> _What to do_
Please give back, exactly as written, the lines from the line with "Western Art Architecture Magazine" to the line with "Disponível em: <http://www.mec.gov." in the listing below, leaving out all pictures.

> _Material provided_
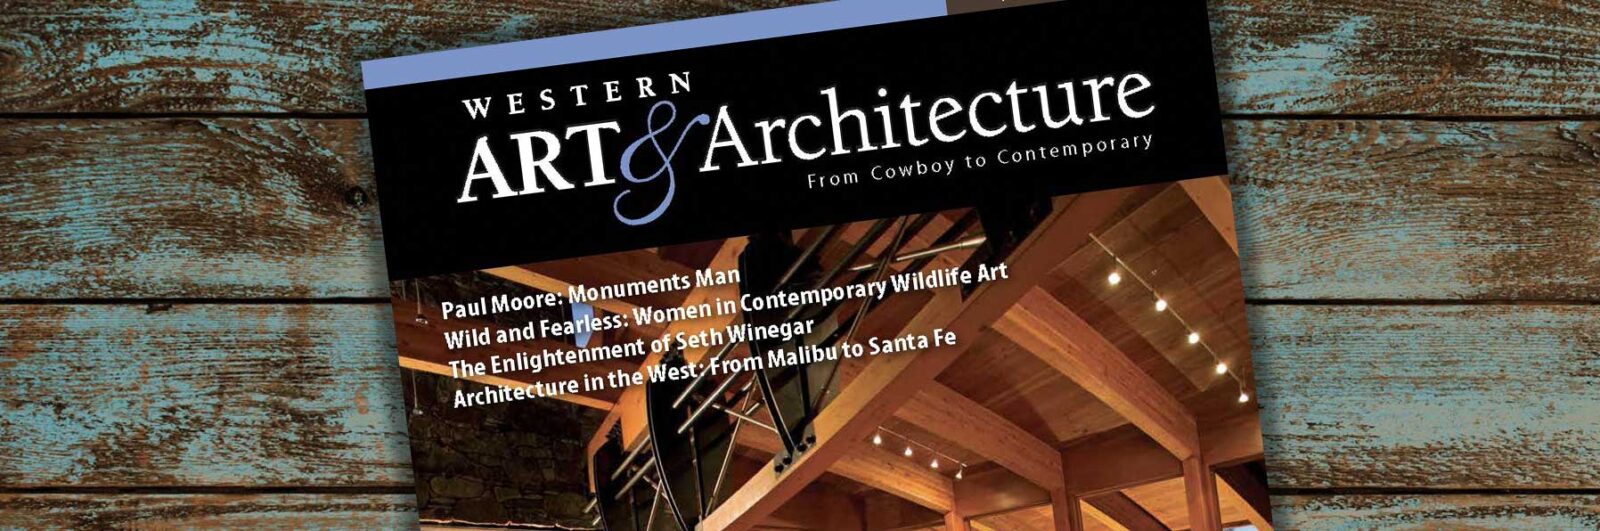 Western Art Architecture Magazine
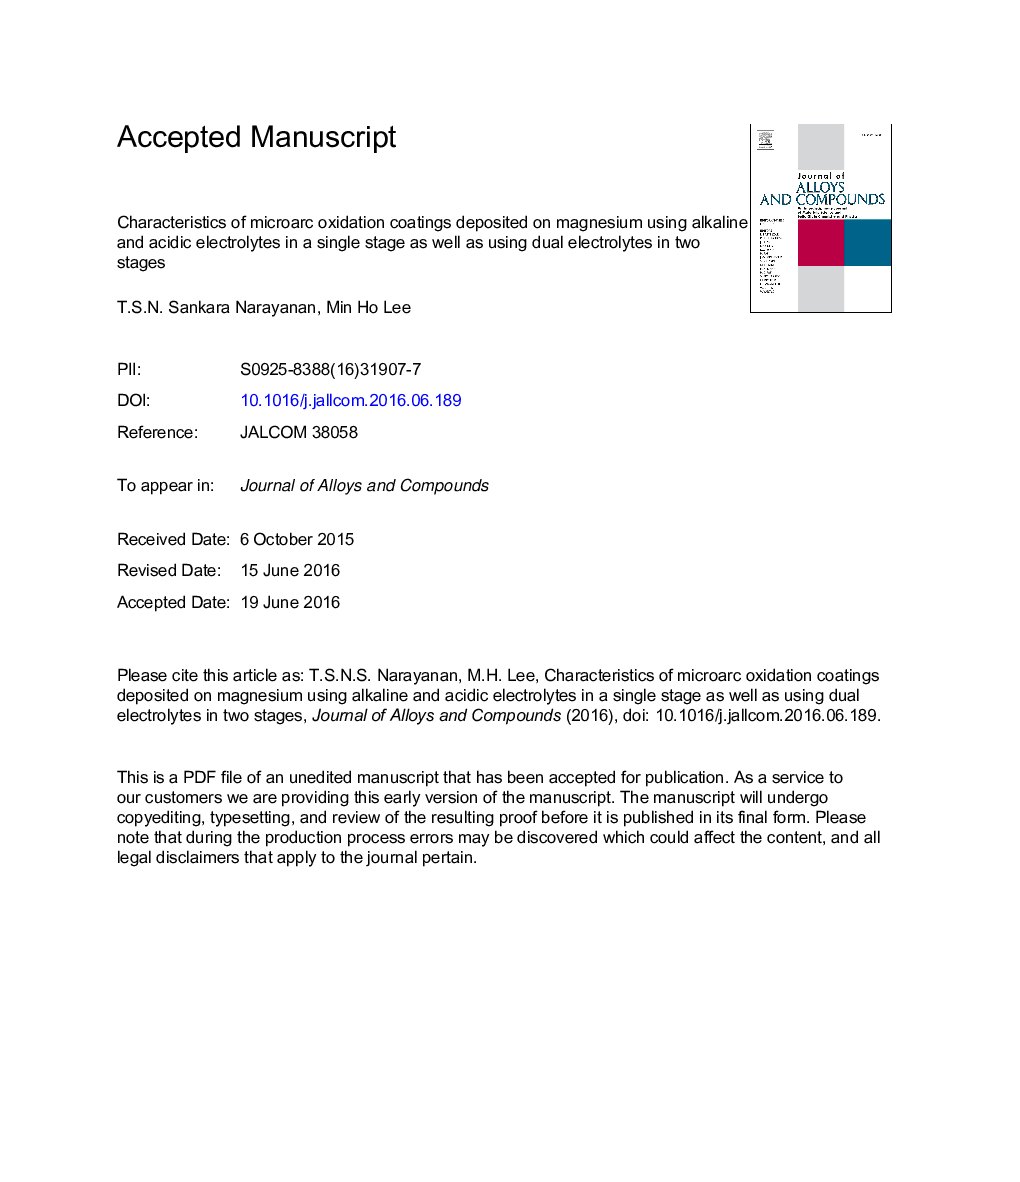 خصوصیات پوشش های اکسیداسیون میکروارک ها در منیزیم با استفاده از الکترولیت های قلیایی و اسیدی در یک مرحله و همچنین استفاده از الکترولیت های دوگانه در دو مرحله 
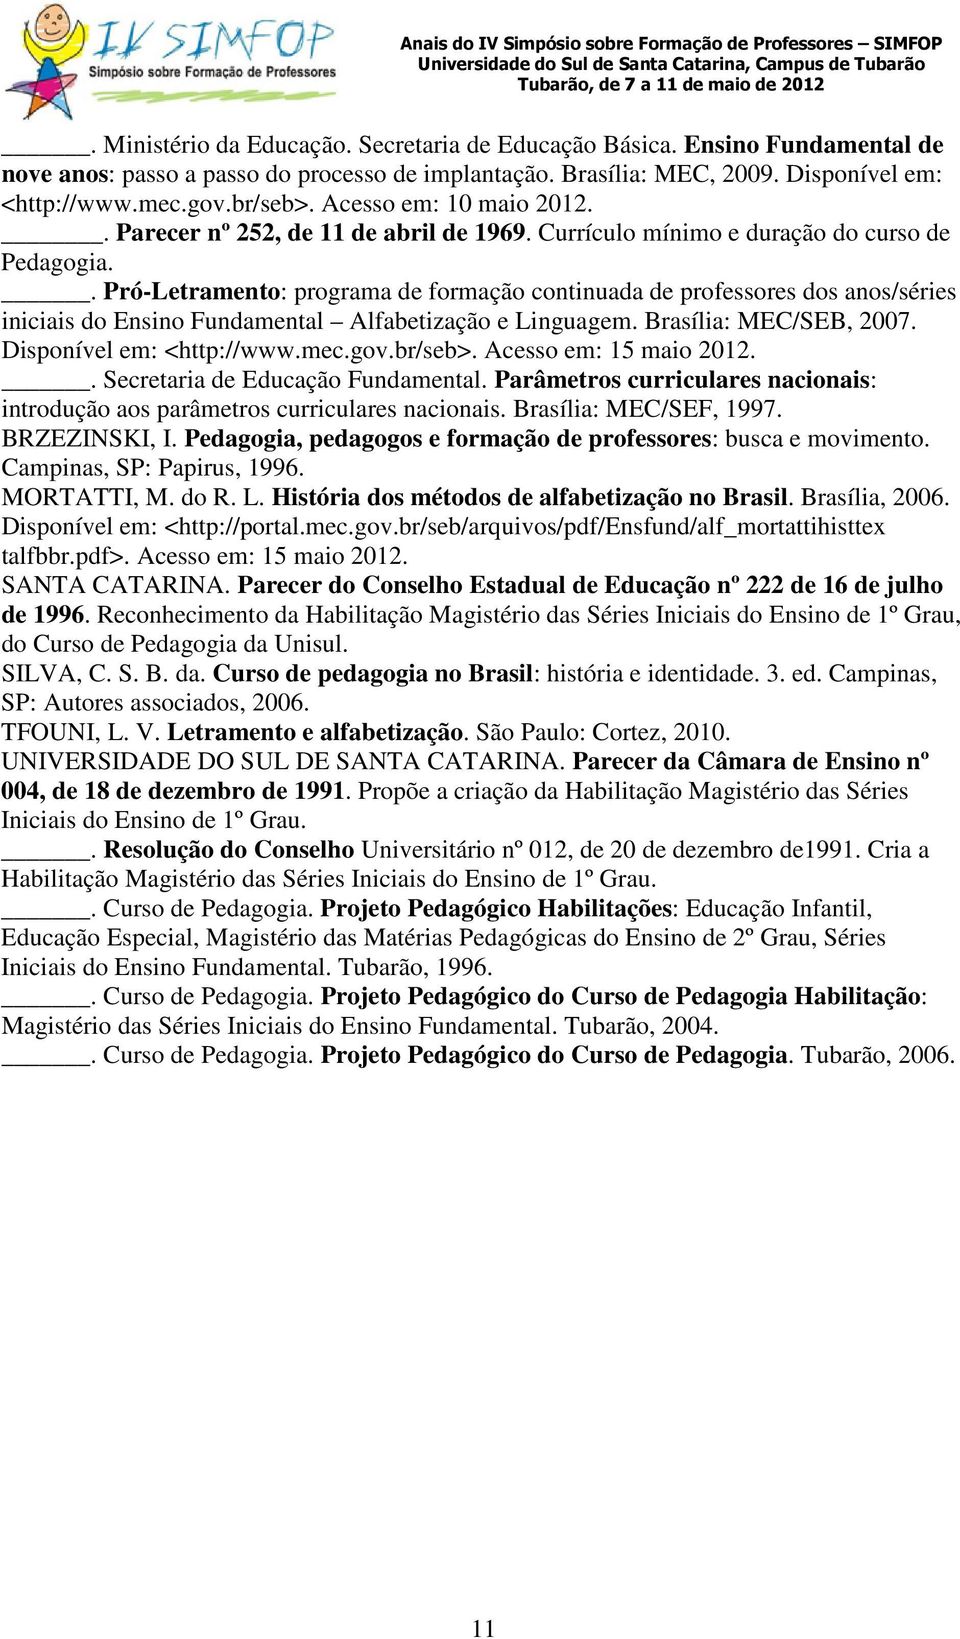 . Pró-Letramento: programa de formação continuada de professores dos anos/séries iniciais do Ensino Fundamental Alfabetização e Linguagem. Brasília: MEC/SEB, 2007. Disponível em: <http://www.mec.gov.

--

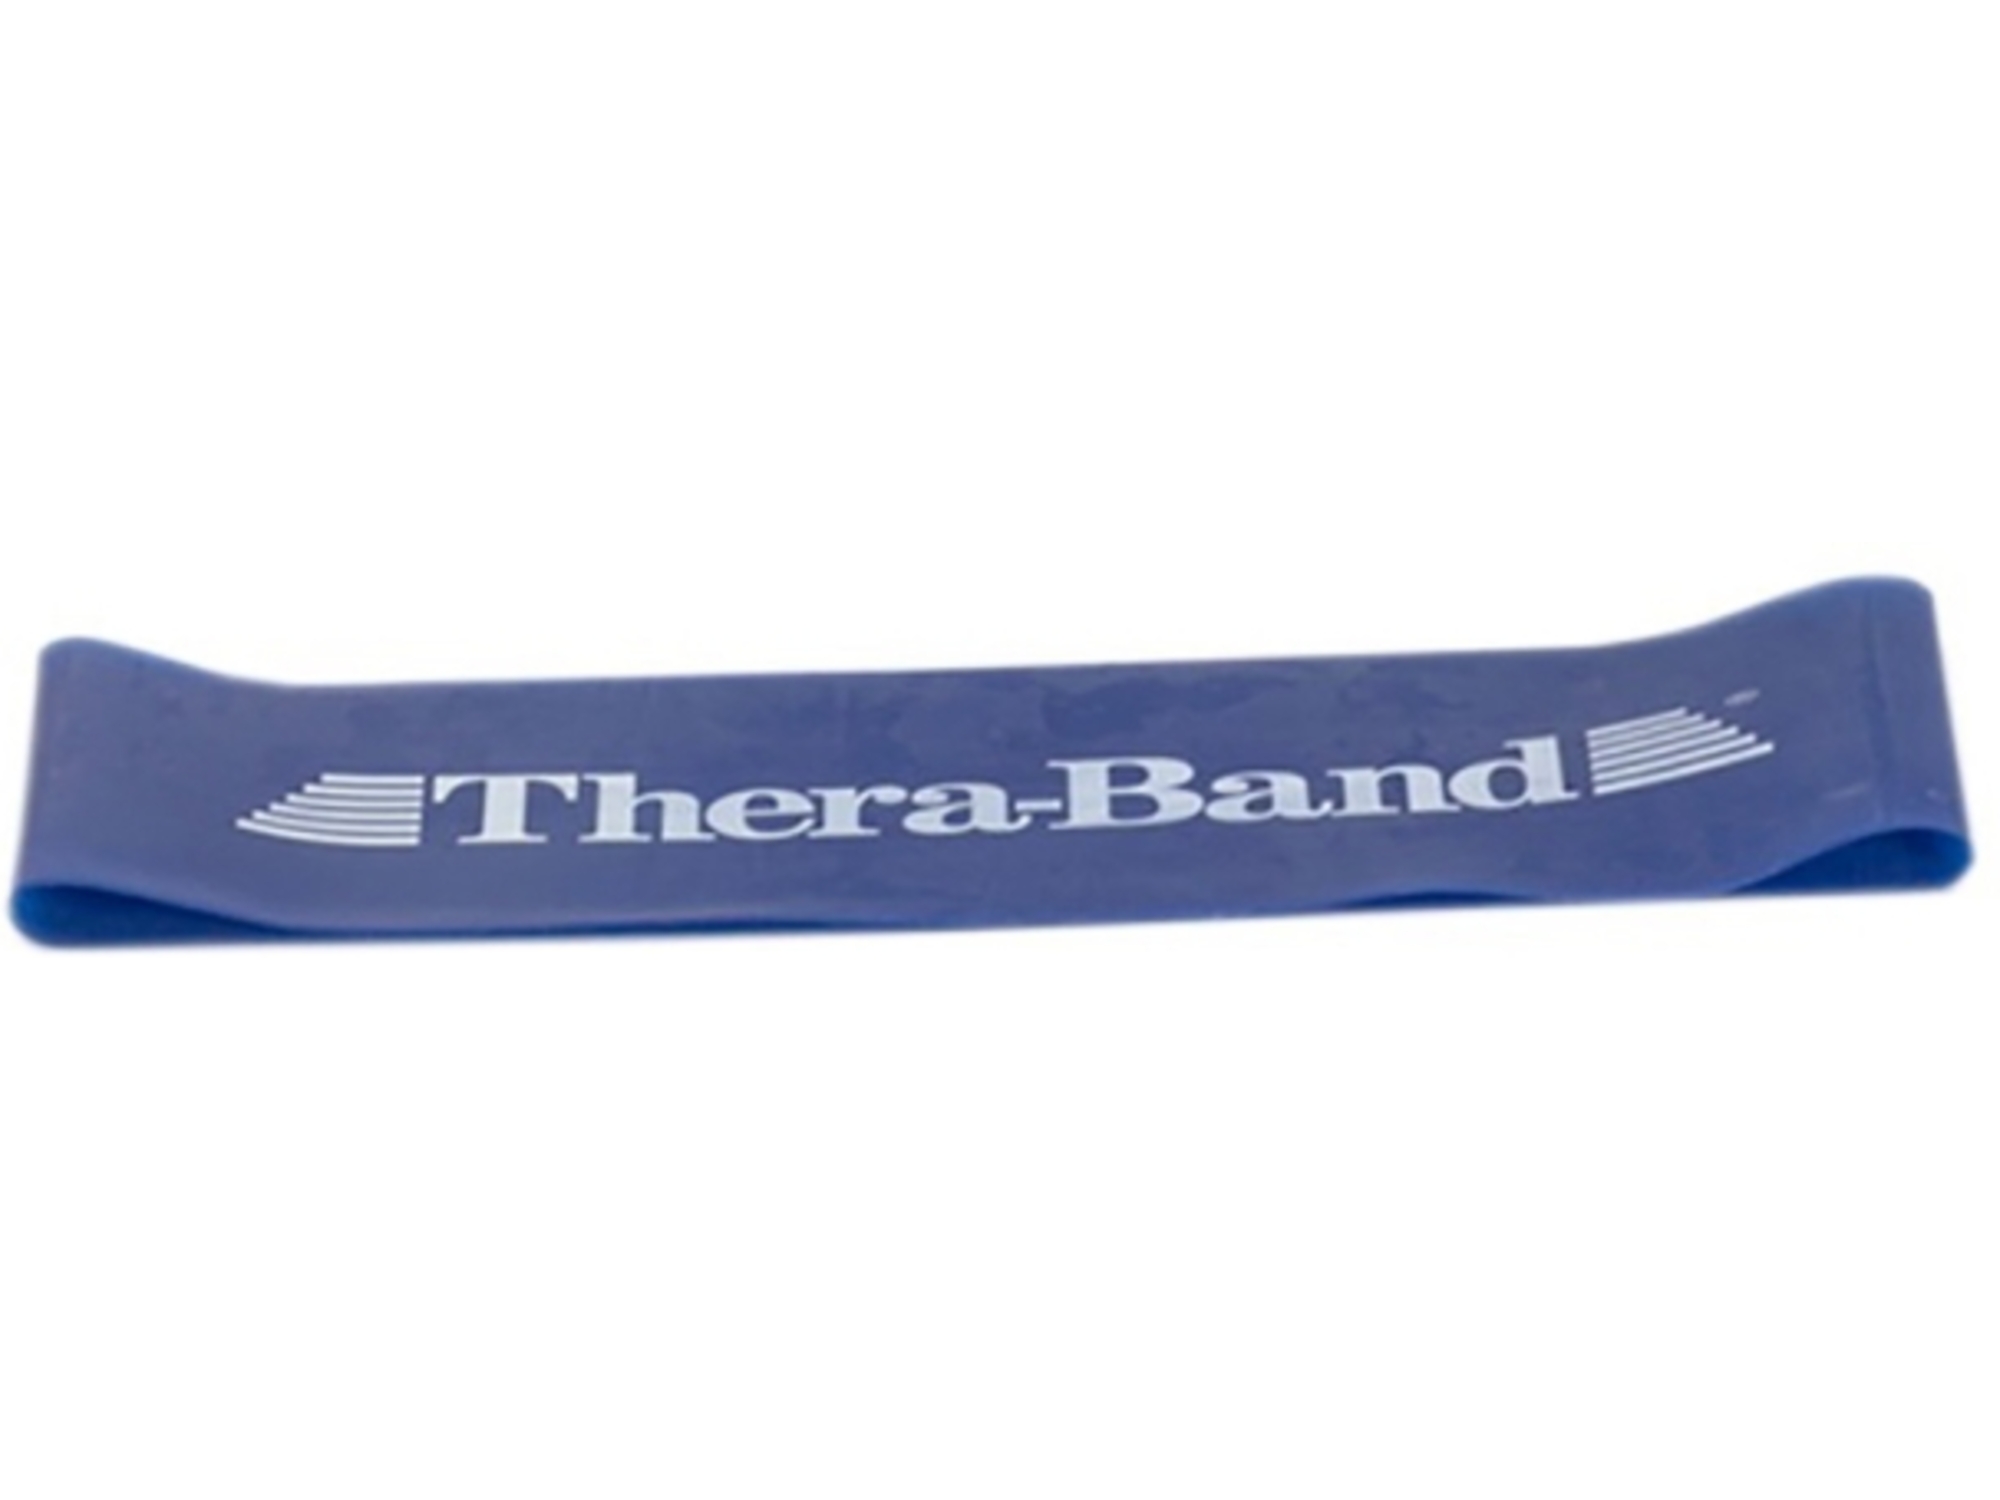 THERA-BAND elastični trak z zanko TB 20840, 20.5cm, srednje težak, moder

> _Result for this task_
 Western Art Architecture Magazine
 خصوصیات پوشش های اکسیداسیون میکروارک ها در منیزیم با استفاده از الکترولیت های قلیایی و اسیدی در یک مرحله و همچنین استفاده از الکترولیت های دوگانه در دو مرحله 
 . Pró-Letramento: programa de formação continuada de professores dos anos/séries iniciais do Ensino Fundamental Alfabetização e Linguagem. Brasília: MEC/SEB, 2007. Disponível em: <http://www.mec.gov.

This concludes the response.